Artificial intelligence (AI) has emerged as a foundational technology that is quickly finding broad application in every sector of the economy, profoundly reshaping society. Hyperdimensional computing (HDC), an emerging computational paradigm of AI inspired by biological neuronal processing in the human brain, has exceeded human-level performance across a wide range of application domains such as robotics, language classification, brain-computer interface, DNA sequencing, and image classification. Unfortunately, AI is not perfectly safe. Recent studies showed that AI is vulnerable to adversarial attack; that is, an attacker can intentionally craft adversarial inputs to “fool” the AI into making mistakes. In safety-critical applications, such incorrect behaviors can lead to disastrous consequences. This project proposes a novel research direction of building safe HDC-based AI using fuzz testing. Fuzz testing (fuzzing) is a popular software testing techniques for automated bug and vulnerability detection.
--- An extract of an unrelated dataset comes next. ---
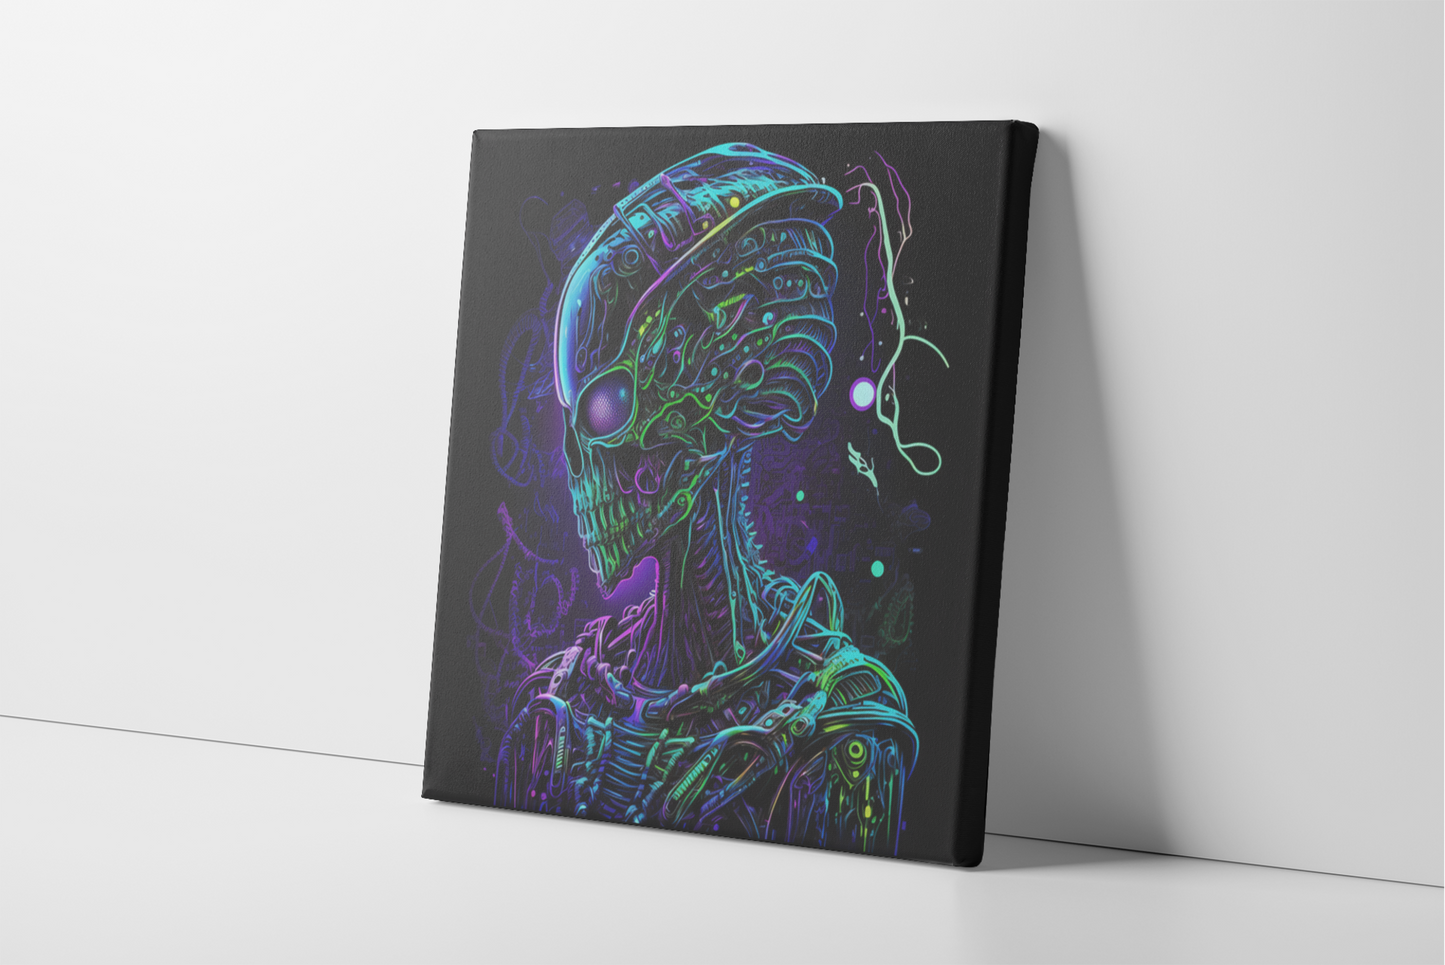 Black Light Robotic Alien Canvas Wall Art, Neon Alien Canvas Painting, Glowing Alien Painting on Black Background, Alien Skull Art

The key idea of fuzzing is to strategically generate plenty of adversarial inputs to execute the target application (HDC-based AI in our context). Using the adversarial inputs, we propose two retraining methods that can update the HDC parameters to enhance its resilience to adversarial attack, building safe HDC-based AI.

Kyle Juretus, PhD

Dr. Kyle Juretus

Department of Electrical and Computer Engineering
College of Engineering


Project Title: Fast and Secure Automated Logic Obfuscation of Integrated Circuits

This project focuses on creating secure and easy to use computing systems by enhancing security at the hardware level. For many years, hardware was assumed to be secure, with research focusing on making computers faster, more efficient, and smaller. However, attacks such as Meltdown and Spectre, which target performance optimizations to leak sensitive information from a computer, have garnered significant attention. Adding to the concern, the hardware design flow has been undergoing many changes due to increasing manufacturing costs and time to market constraints. The time and cost pressures within the semiconductor industry have shifted the once in-house manufacturing and test of hardware to untrusted third parties, creating additional security threats for computing systems.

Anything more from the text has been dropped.